In 2017 was ik in Den Helder en bekeek de Afphrodite van buiten. Het had nu een andere naam – Rose Garden- en waarschijnlijk ook een andere eigenaar. Het bedrijf leek een flinke opknapbeurt te hebben gekregen.
Den Helder kende nog drie andere seksbedrijven. In de Koningsstraat zat een onvergunde massagesalon en club Promises aan de Binnenhaven moest sluiten omdat er illegalen werkten. [VI]NH 12-4-2013 In 2005 vroeg De Rode Draad informatie over de Moulin Rouge dat er zo vervallen en vies uitzag dat we dachten dat het dicht was. Maar de zaak draaide nog.
De Moulin Rouge, voorheen de JJ en Exotika, ging meestal pas na tien ’s avonds open en zag er armoedig uit.

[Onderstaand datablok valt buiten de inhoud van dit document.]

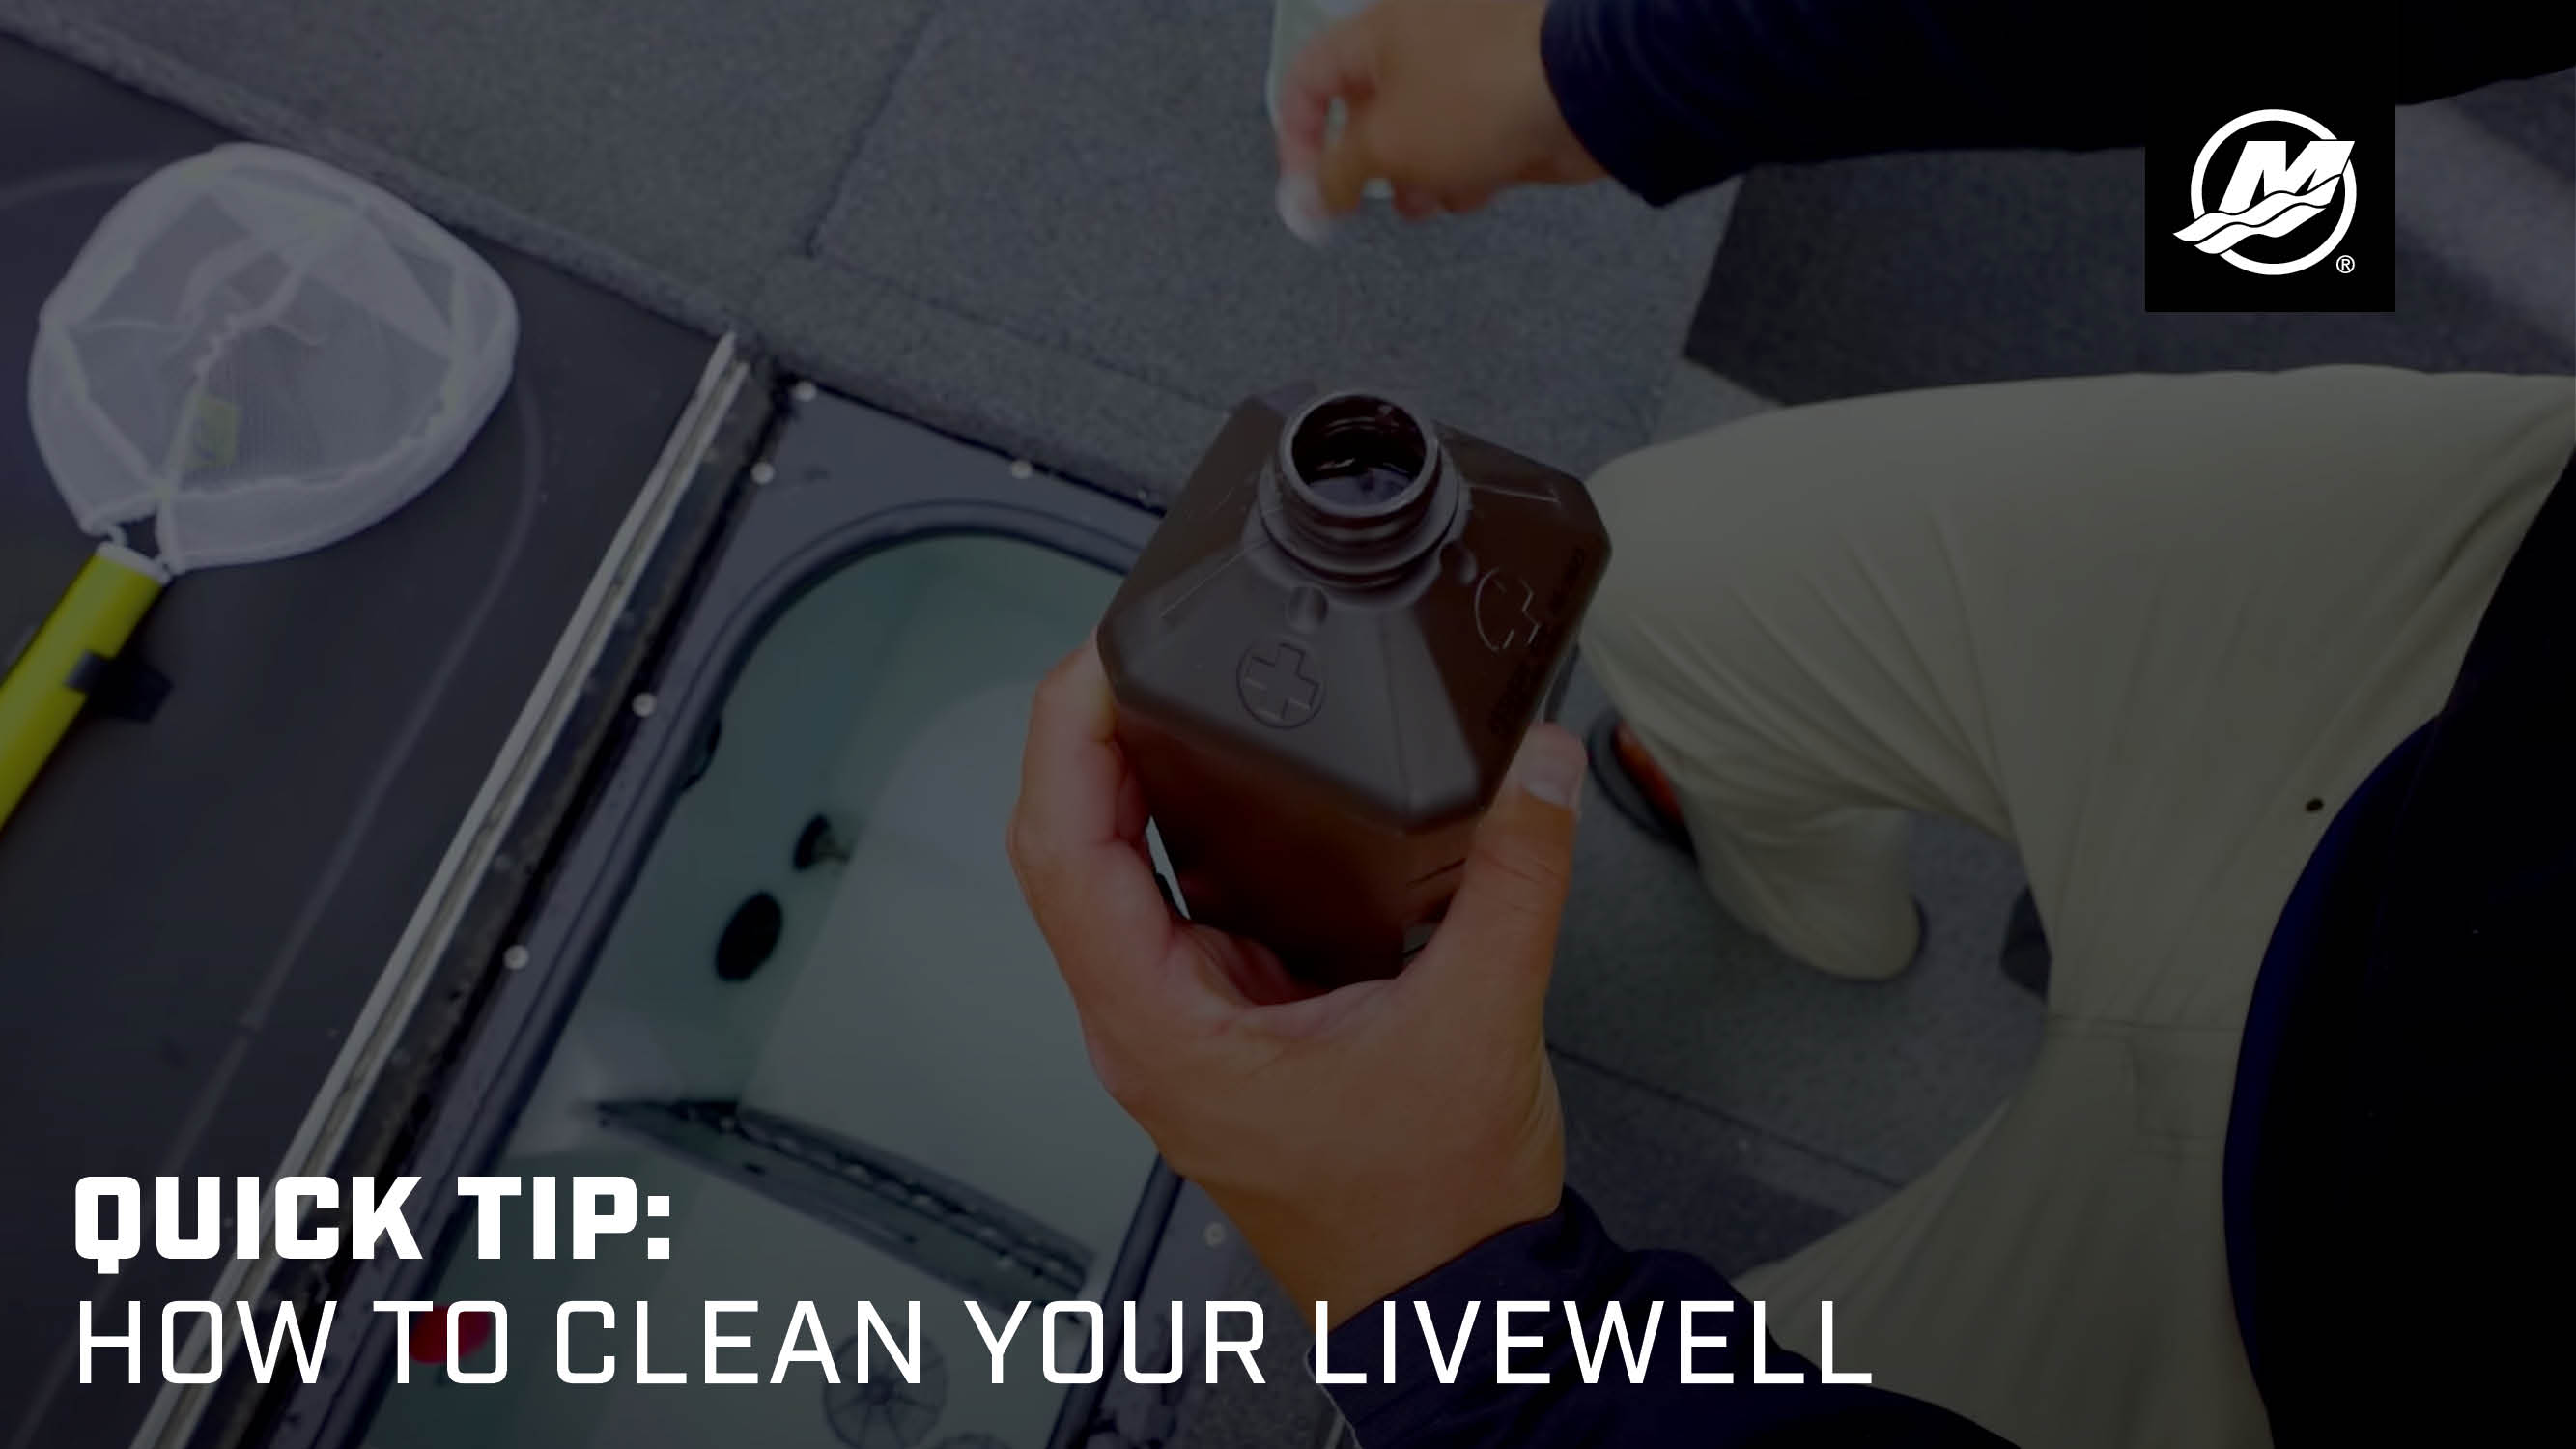 Quick Tip: How to Clean Your Livewell

In 2006 gaan medewerkers van De Rode Draad er naar binnen:
De man aan de deur zegt dat we gerust naar binnen mogen ook al zijn er klanten in de bar. Ondanks het feit dat de zaak net weer open is en een opknapbeurt heeft gehad na het overlijden van de vorige eigenaar is, het weer een zaak met de clichématige rode vloerbedekking. In de bar schalt de muziek en de vrouwen praten met mannen.. Eén vrouw aan de bar staat alleen en met haar kunnen we even praten. Helaas zitten er twee mannen naast die zich ook met het gesprek gaan bemoeien waardoor we het kort moeten houden. De vrouwen hebben verschillende nationaliteiten.

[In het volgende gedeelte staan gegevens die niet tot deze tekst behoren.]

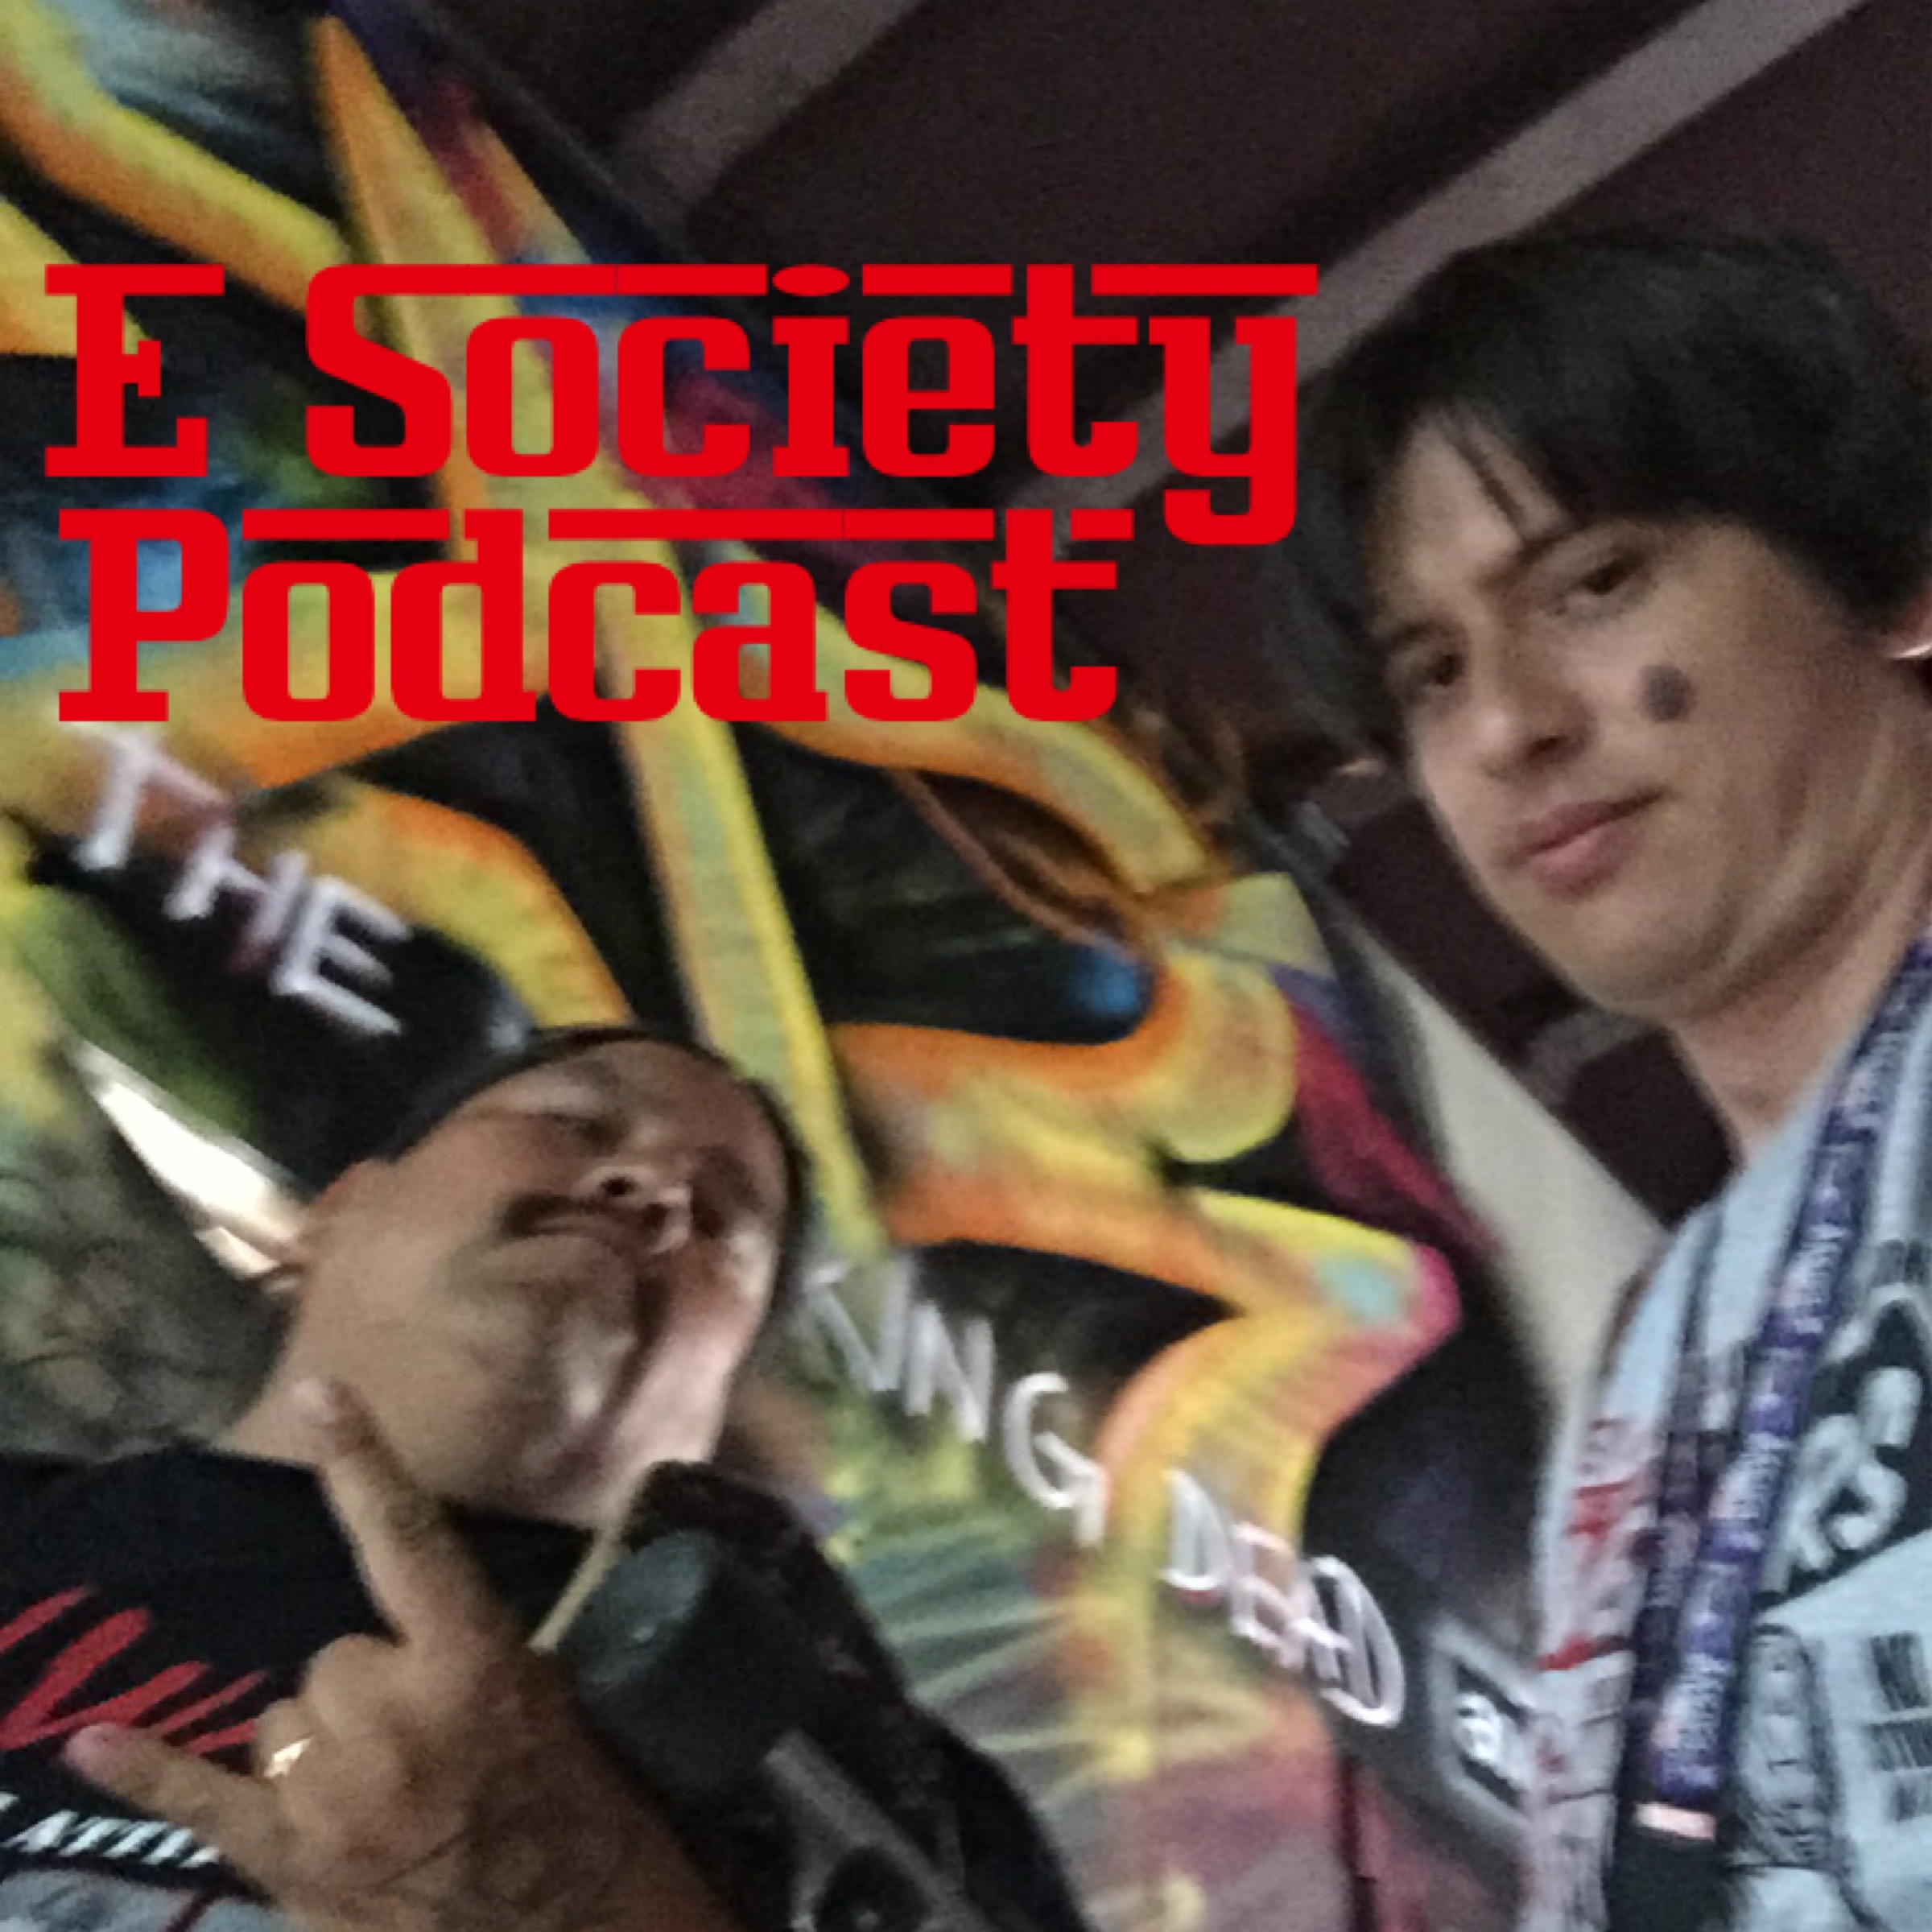 E Society Podcast - Ep. 87: Black Panther and other junk.

Wel had de gemeente bepaald dat het opgeknapt moest worden anders zou de gemeente het pand overnemen. In 2017 bleek het pand in de Weststraat te koop te staan.
Ach ja, de Weststraat. ‘Wie nooit vlak aan zee gewoond heeft, weet eigenlijk niet wat of waaien is. zo schreef François Haverschmidt. beter bekend als Piet Paaltjens, die korte tijd in de Nieuwe Kerk in de Weststraat predikant was geweest.